A palavra
"desastre" tem uma origem interessante. Ela significa literalmente
"sem os astros" (des + aster). Os astrólogos gostam de um possível
significado disso: desastrada é a pessoa que contraria a necessidade do
momento, que vai contra o significado do momento. Significado este
hipoteticamente dado pela posição dos astros.
A crença deriva da
ideia de que cada momento tem uma tônica, e que é importante entendê-la olhando
para as luzes. Você não precisa acreditar em astrologia para apreciar as
implicações da palavra "desastre". Basta pensar que sempre existem
sinais que precisam ser observados, e eles podem estar na terra mesmo. Se eu
dirijo um carro e não estou atento à luz dos semáforos (e o semáforo é, num
sentido mundano, um astro, um luzeiro), o palco do desastre está armado. Se eu
olho meu exame de saúde e os astros do exame indicam que meu colesterol está
altíssimo, ou eu tomo uma atitude ou me lasco.
Não se trata de olhar
pra dentro, mas de olhar pra fora mesmo. "Olhar pra dentro",
"seguir sua intuição", tudo isso são frases de efeito bastante
valorizadas nos dias de hoje e, digo eu, superestimadas. Quem me garante que
quando eu olho pra dentro eu estou tendo um bom lampejo ou apenas sendo vítima
de minha própria vaidade e autoengano? Eu posso me achar muito sábio e
experiente, mas será que minha intuição sobrevive sem nenhum dado externo?

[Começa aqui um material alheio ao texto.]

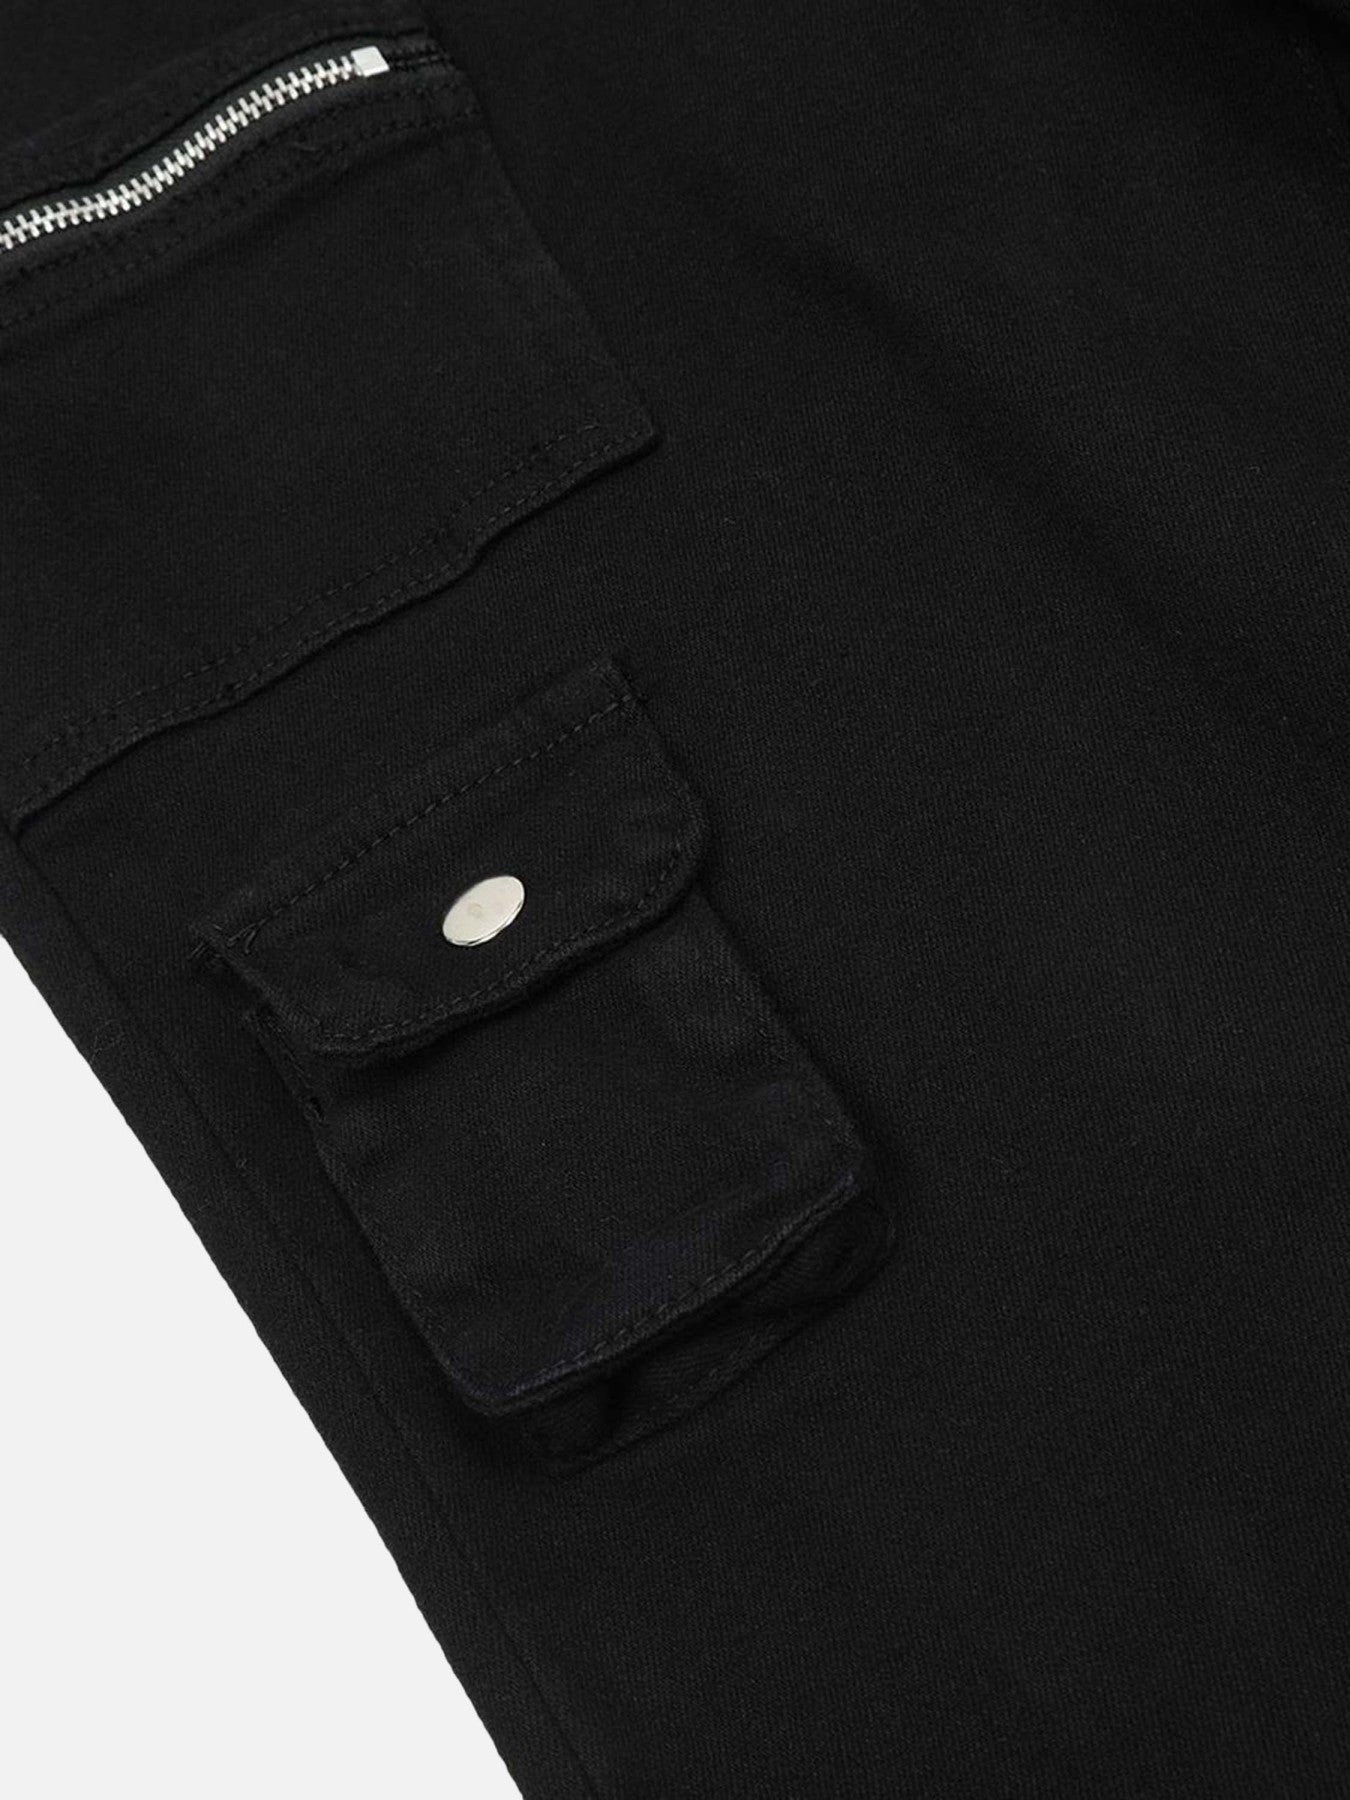 Thesupermade Work Pocket Jeans
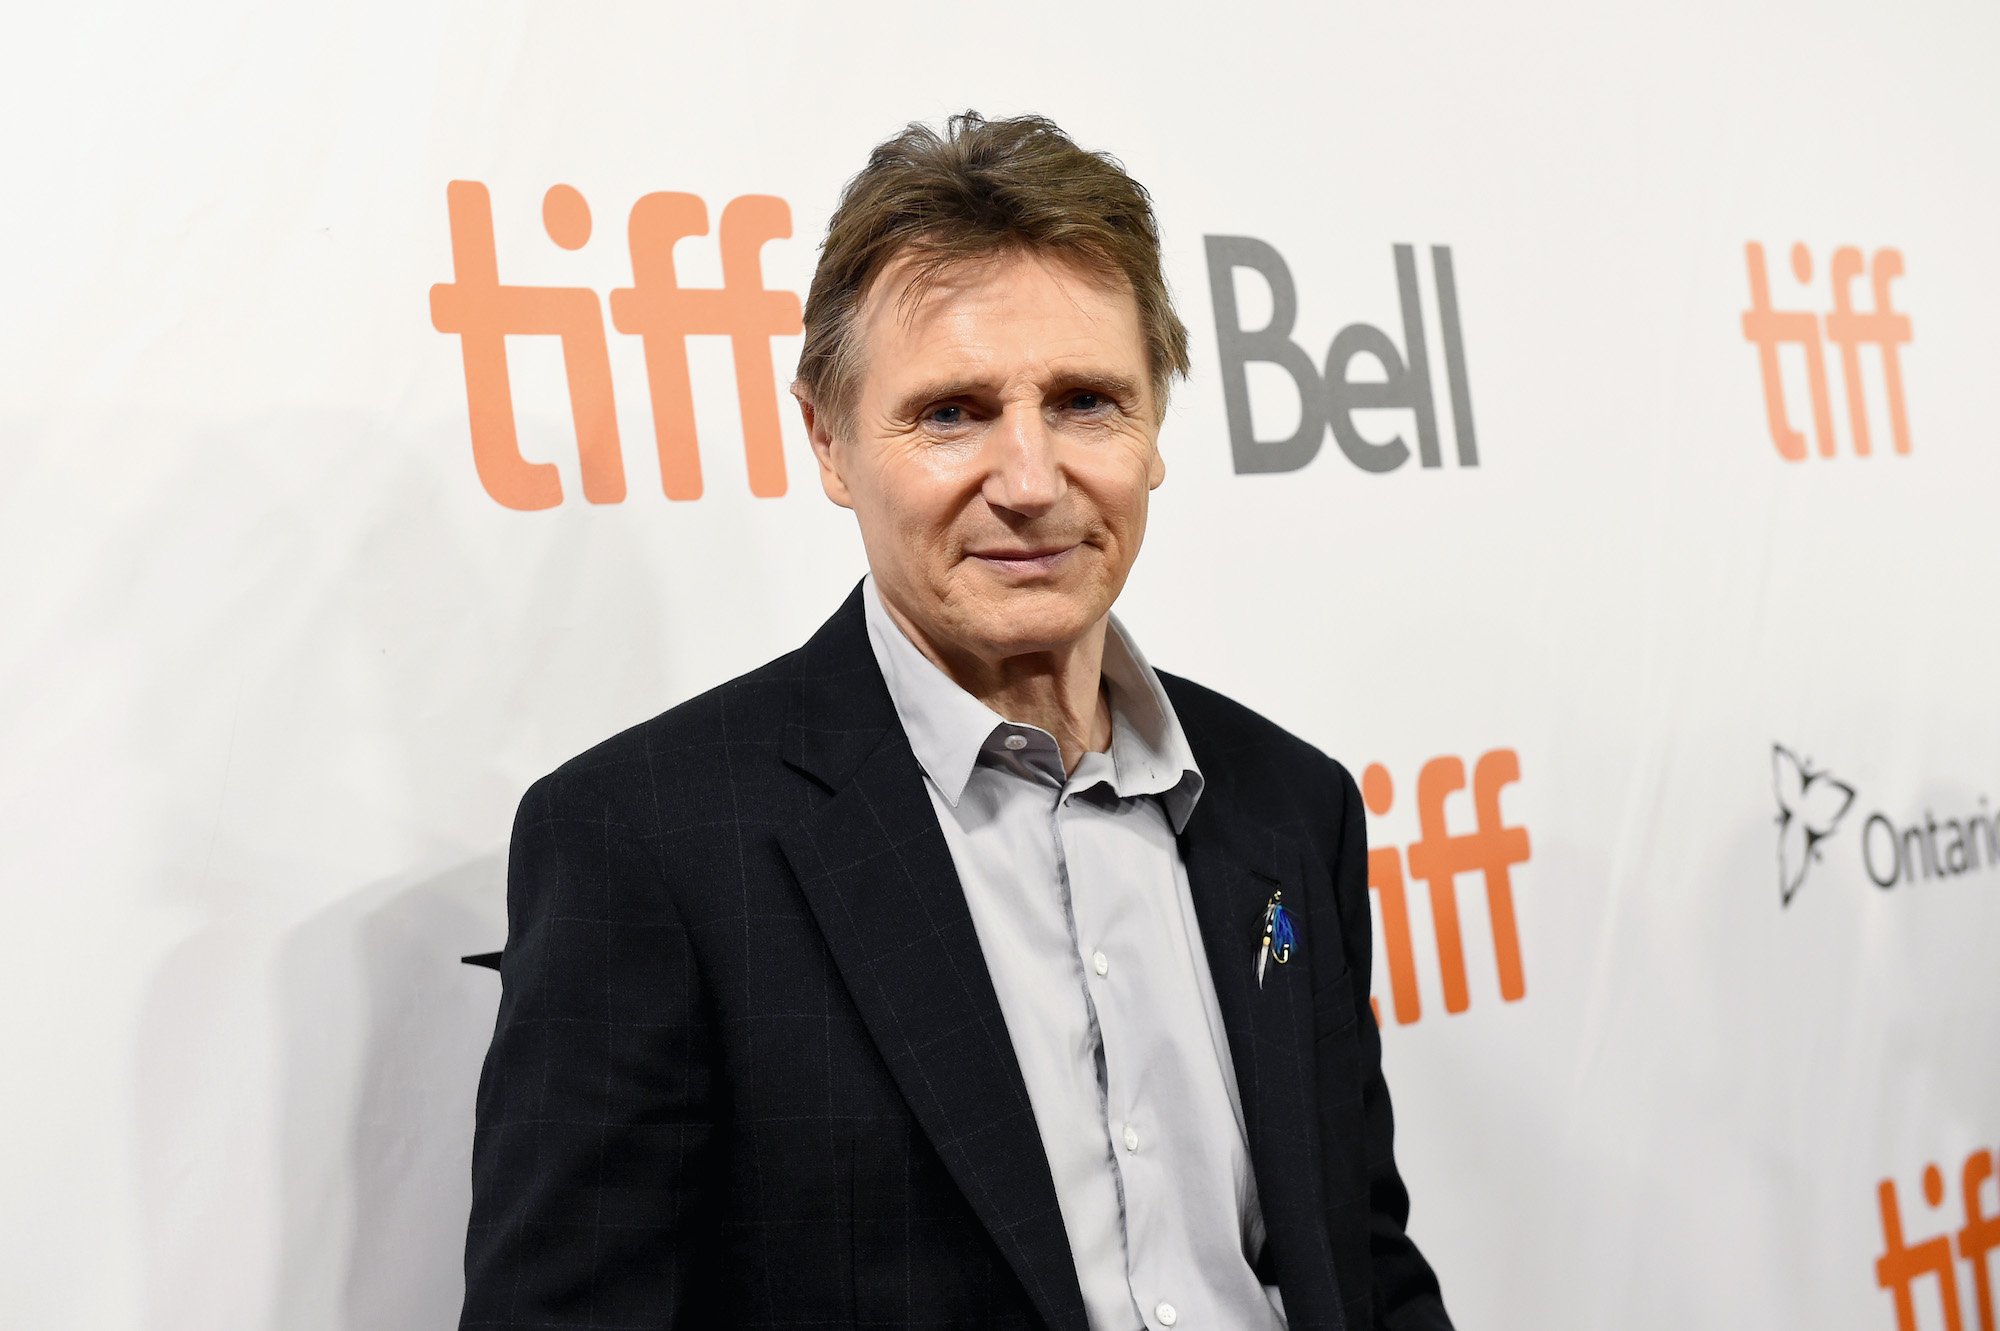 Liam Neeson smiling in front of a white background with repeating logos

Às vezes
eu preciso de dados externos! De astros! Pode ser, como já dei exemplo, um
exame de sangue: o hemograma é a constelação de sinais, sinais que me dirão o
que fazer, como proceder. Olhar pros astros é admitir: eu não sei tudo. Preciso
de referências.
Olhar pros astros não
precisa ser olhar para as estrelas e fazer mapa astral. Significa ter uma
referência, algo que seja maior que você, que seja anterior a você, que perdure
à sua existência. É olhar para além de si, sabendo-se passageiro diante de um
mundo maior que você mesmo. Ou até apenas tendo consciência de que não, eu não
tenho "todas as respostas dentro de mim", isso é conversa de quem
está em surto. Ninguém tem todas as respostas dentro de si.
Alguns têm em Deus e
em princípios religiosos seu "aster". Outros se pautam em princípios
éticos. Para alguns, os "aster" são as letras da lei. Podem ser dados
empíricos. Claro, não há garantia de que o sinal seja certeiro. Alguns
"aster" podem estar errados, ou só parcialmente certos.
Triste é quando você
não tem "aster" nenhum e segue tão somente seu próprio desejo. A vida
vira um breu. Não há nada que você considere maior que você, mais importante
que você. Quando se age assim, é a vitória da vaidade. Você se pensa um
"aster", e acha que não precisa observar e nem ouvir nada. Você até
pode convencer a si mesmo de que está agindo com sabedoria, mas é mentira. Você
está agindo por vaidade.
E é aí que surge
outra palavrinha grega: a húbris. Sugiro a pesquisa desta palavra, é bem
instrutiva e a Wikipedia tem verbetes razoáveis sobre isso tanto em português
quanto em inglês. Mas resumo dizendo que é quando alguém ou algo passou da
conta. Quando eu, em meu brilho ensandecido, jactante, não sigo mais sinal
algum além do brilho das minhas próprias certezas. E o resultado disso,
conforme bem aponta Eurípides, o resultado da húbris é a loucura.